> ACTION ITEM
Please transcribe the entries exactly and omit the images they contain.

> WORKING DATA
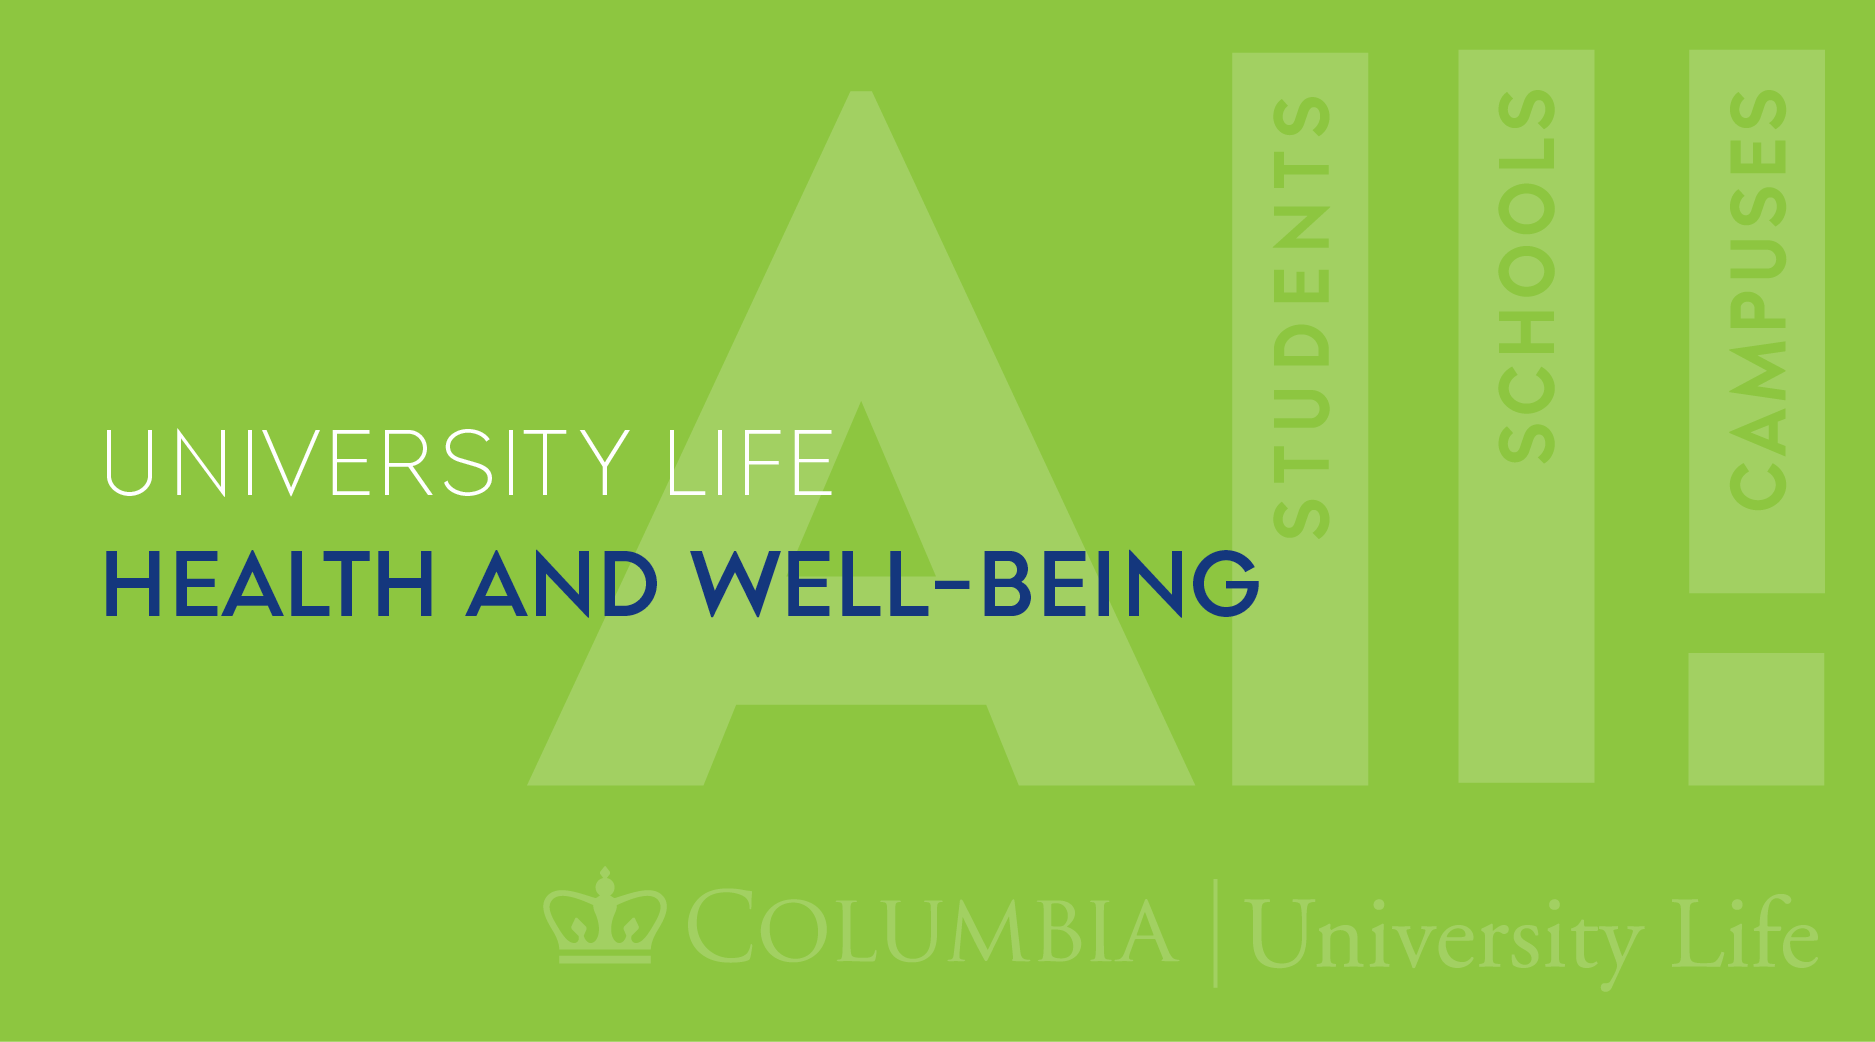 Background: light green with a white overlay of the University Life logo Text: "University Life Health and Well-Being" 
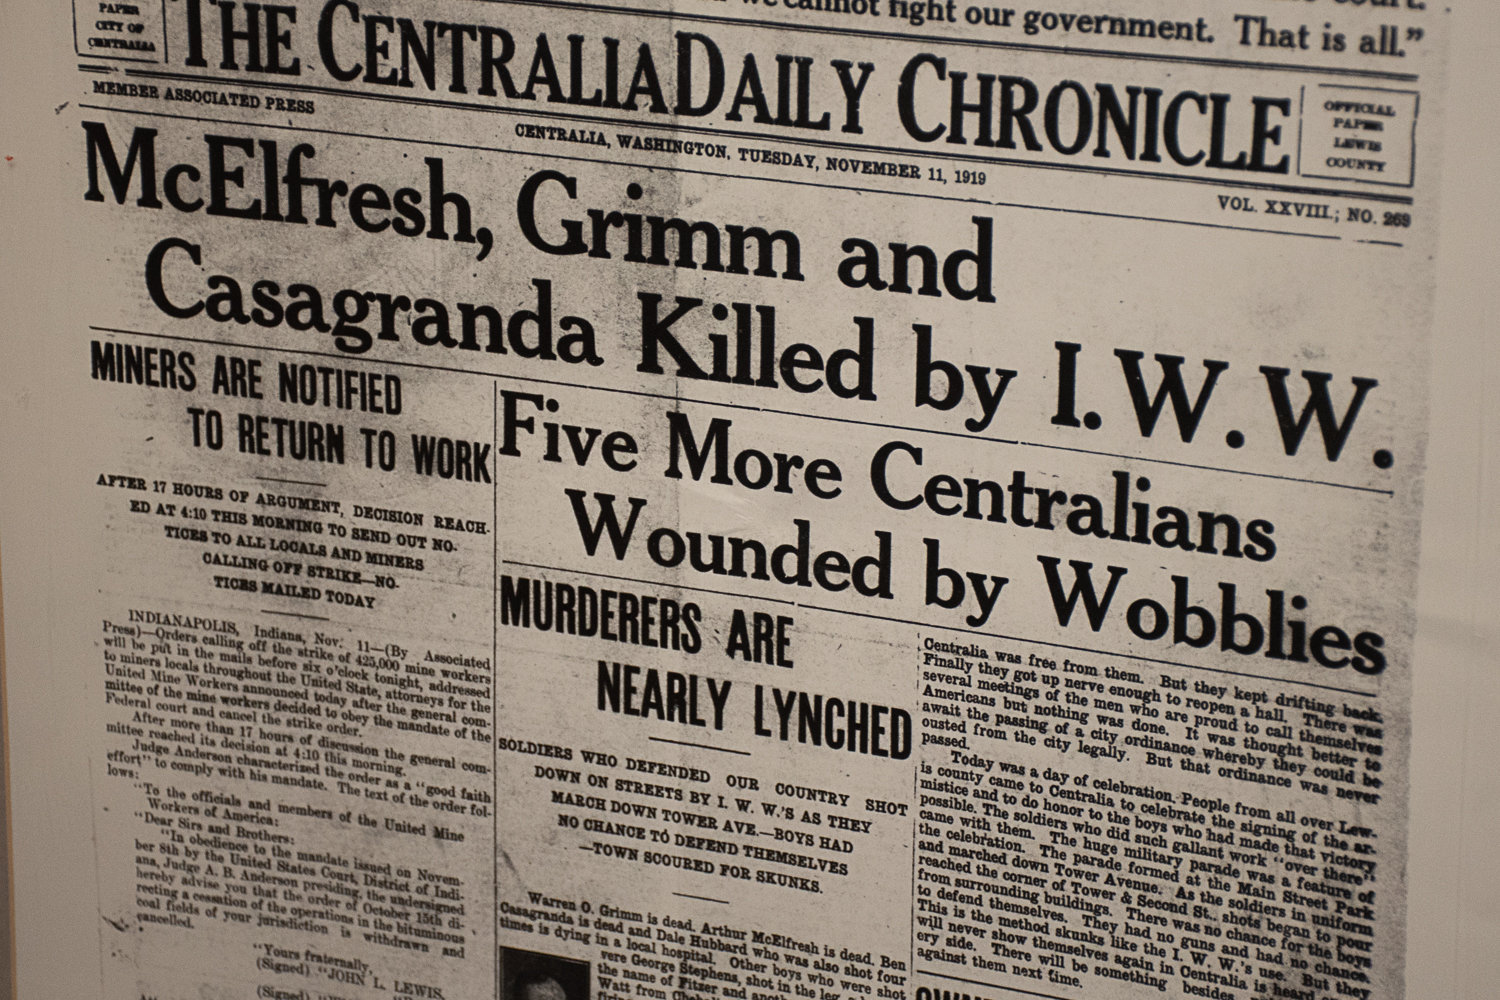 The front page of The Centralia Daily Chronicle on the day of the Centralia Tragedy.
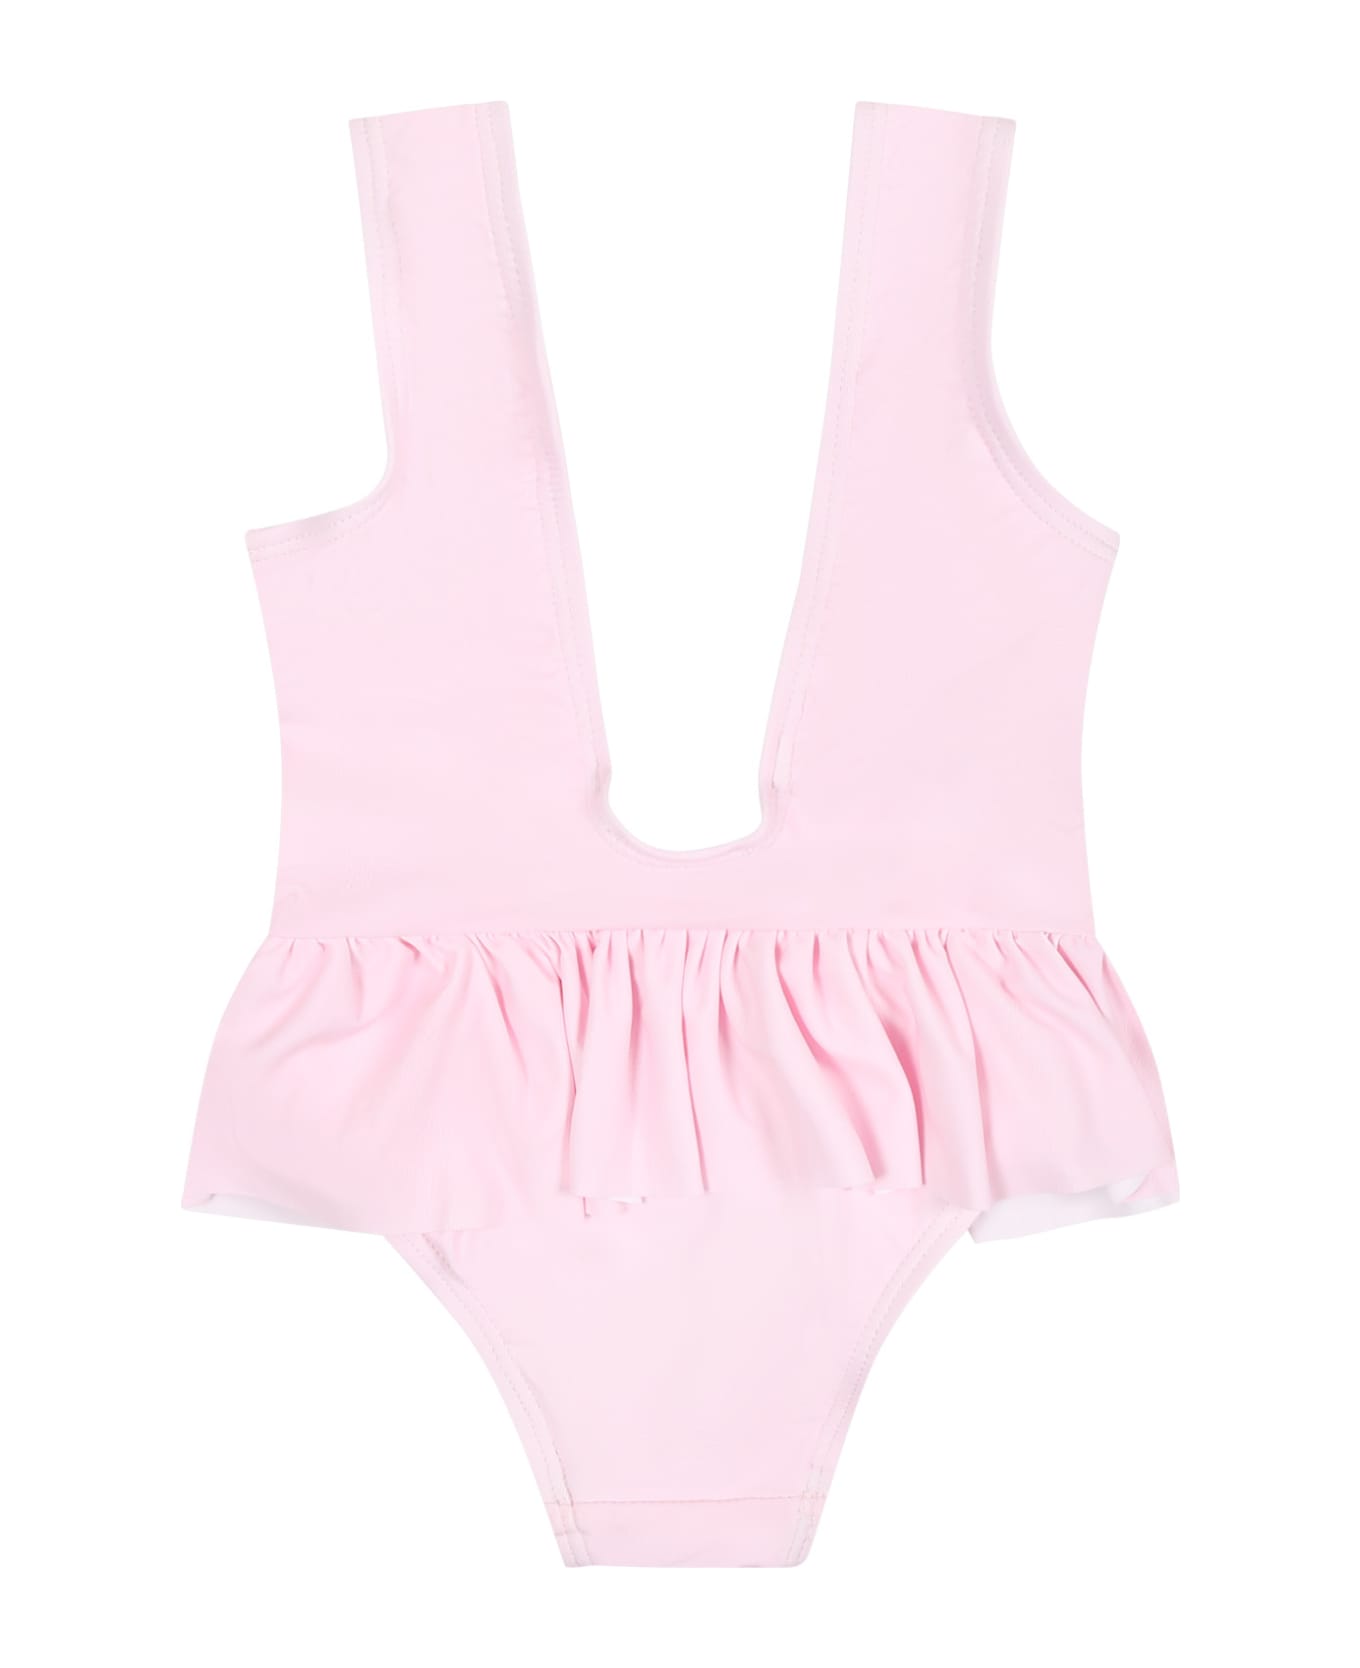 Chiara Ferragni Pink Swimsuit For Baby Girl With Ruffles And Flowers - Pink 水着
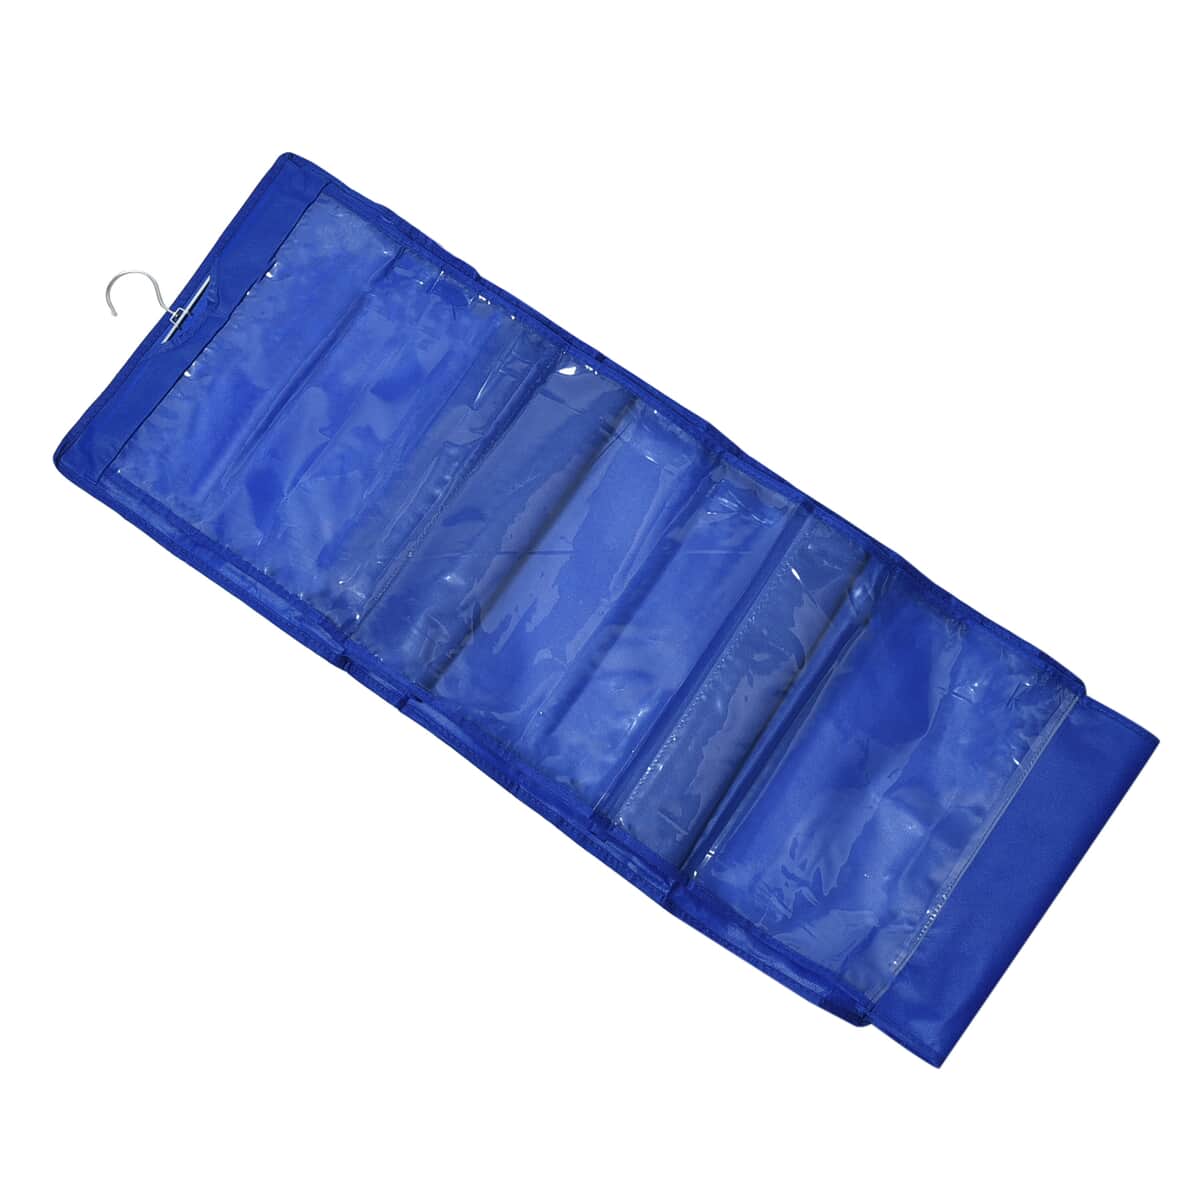 Set of 3 Orange, Dark Blue and Pink Non-Woven Hanging Storage Bag wih Large Clear Window (12.8"x31") image number 6
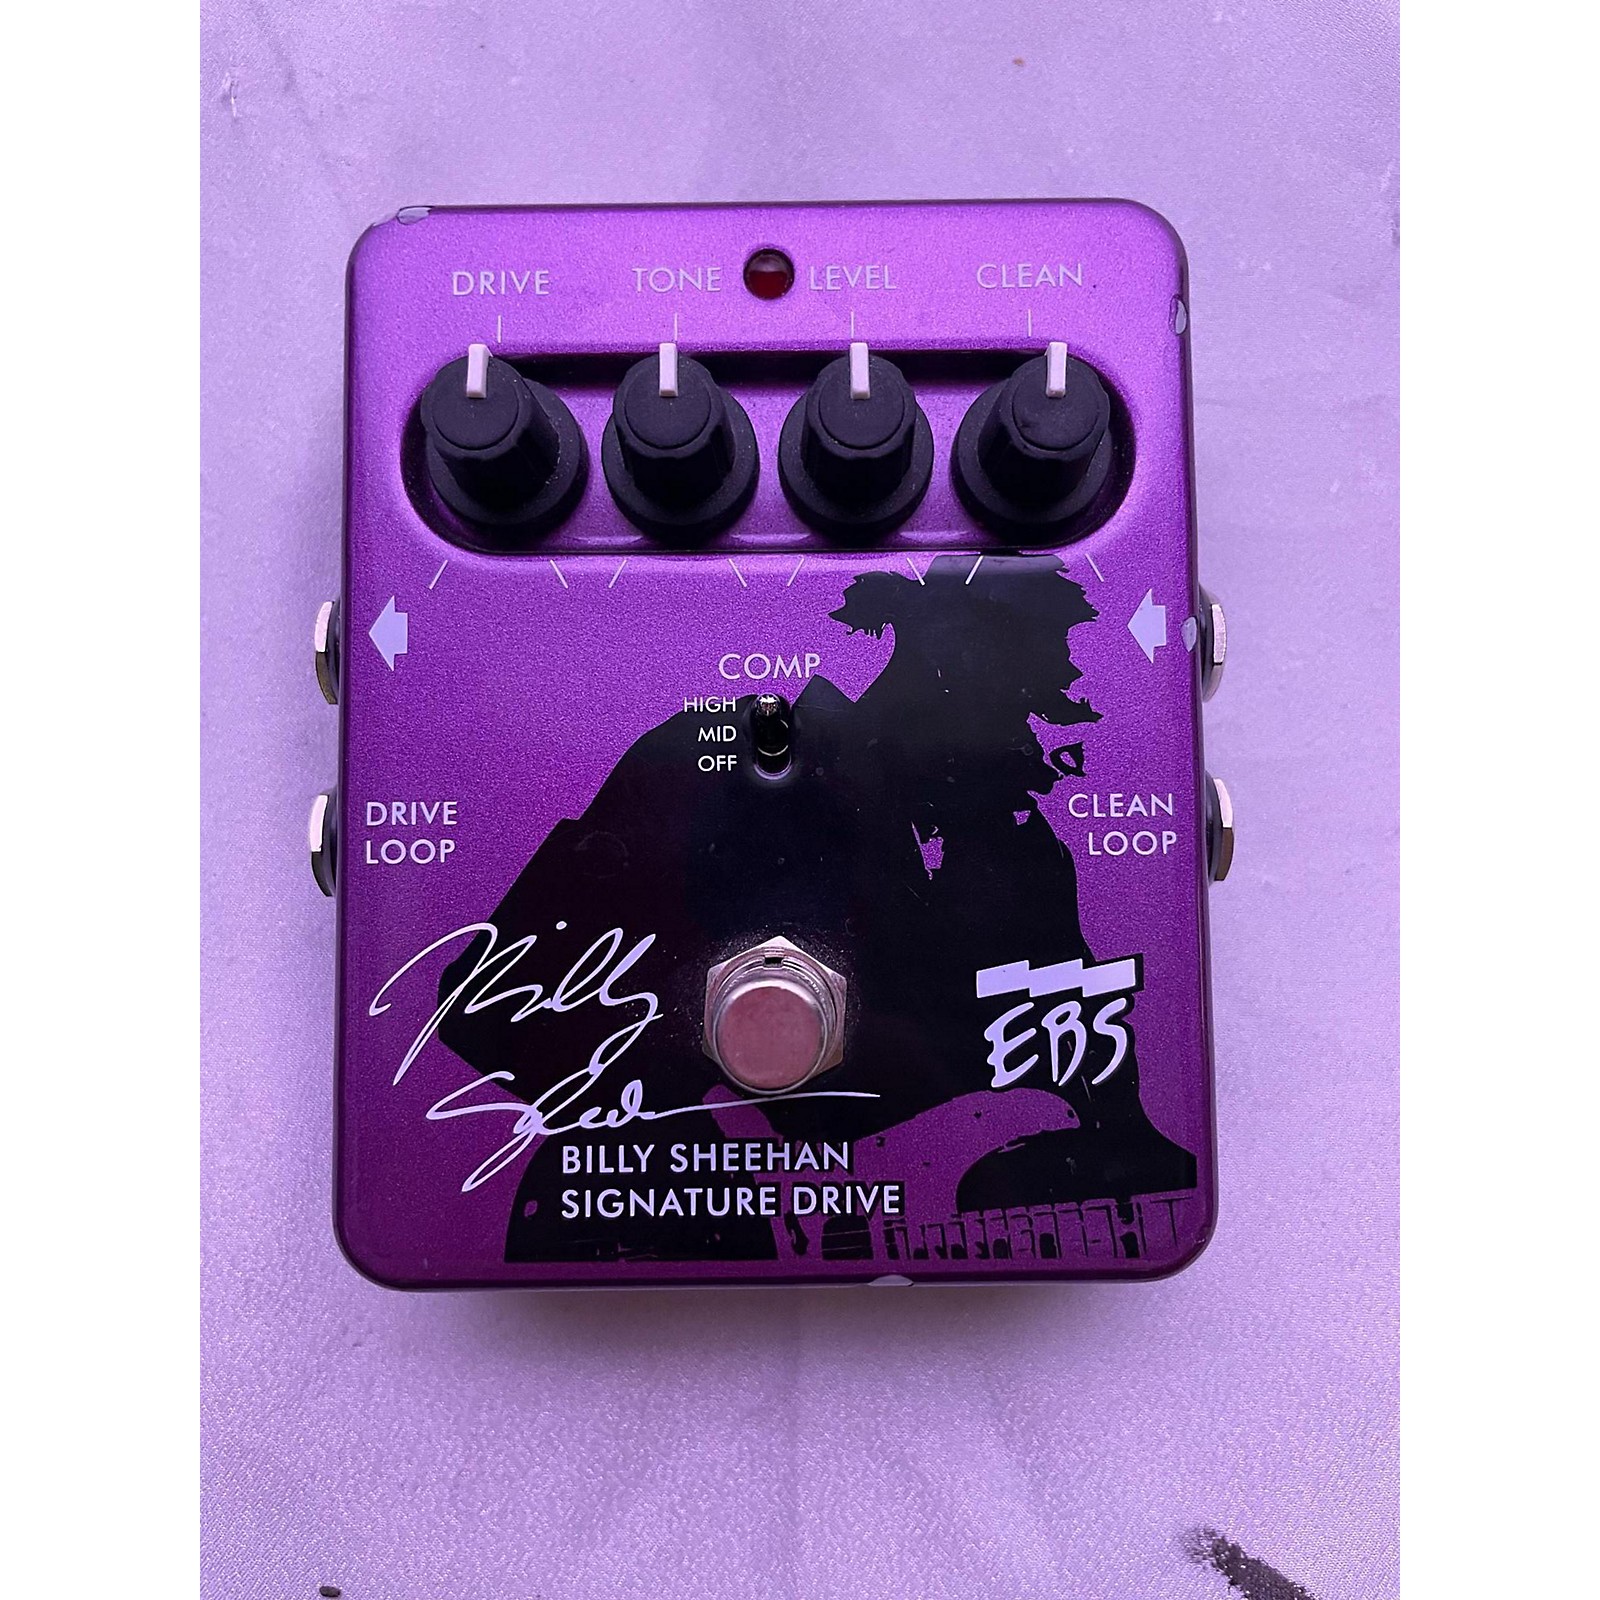 Used EBS Billy Sheehan Signature Overdrive Bass Effect Pedal

> PROBLEM SOLUTION
 Background: light green with a white overlay of the University Life logo Text: "University Life Health and Well-Being" 
 The front page of The Centralia Daily Chronicle on the day of the Centralia Tragedy.
 Chiara Ferragni Pink Swimsuit For Baby Girl With Ruffles And Flowers - Pink 水着
 Set of 3 Orange, Dark Blue and Pink Non-Woven Hanging Storage Bag wih Large Clear Window (12.8"x31") image number 6
 Used EBS Billy Sheehan Signature Overdrive Bass Effect Pedal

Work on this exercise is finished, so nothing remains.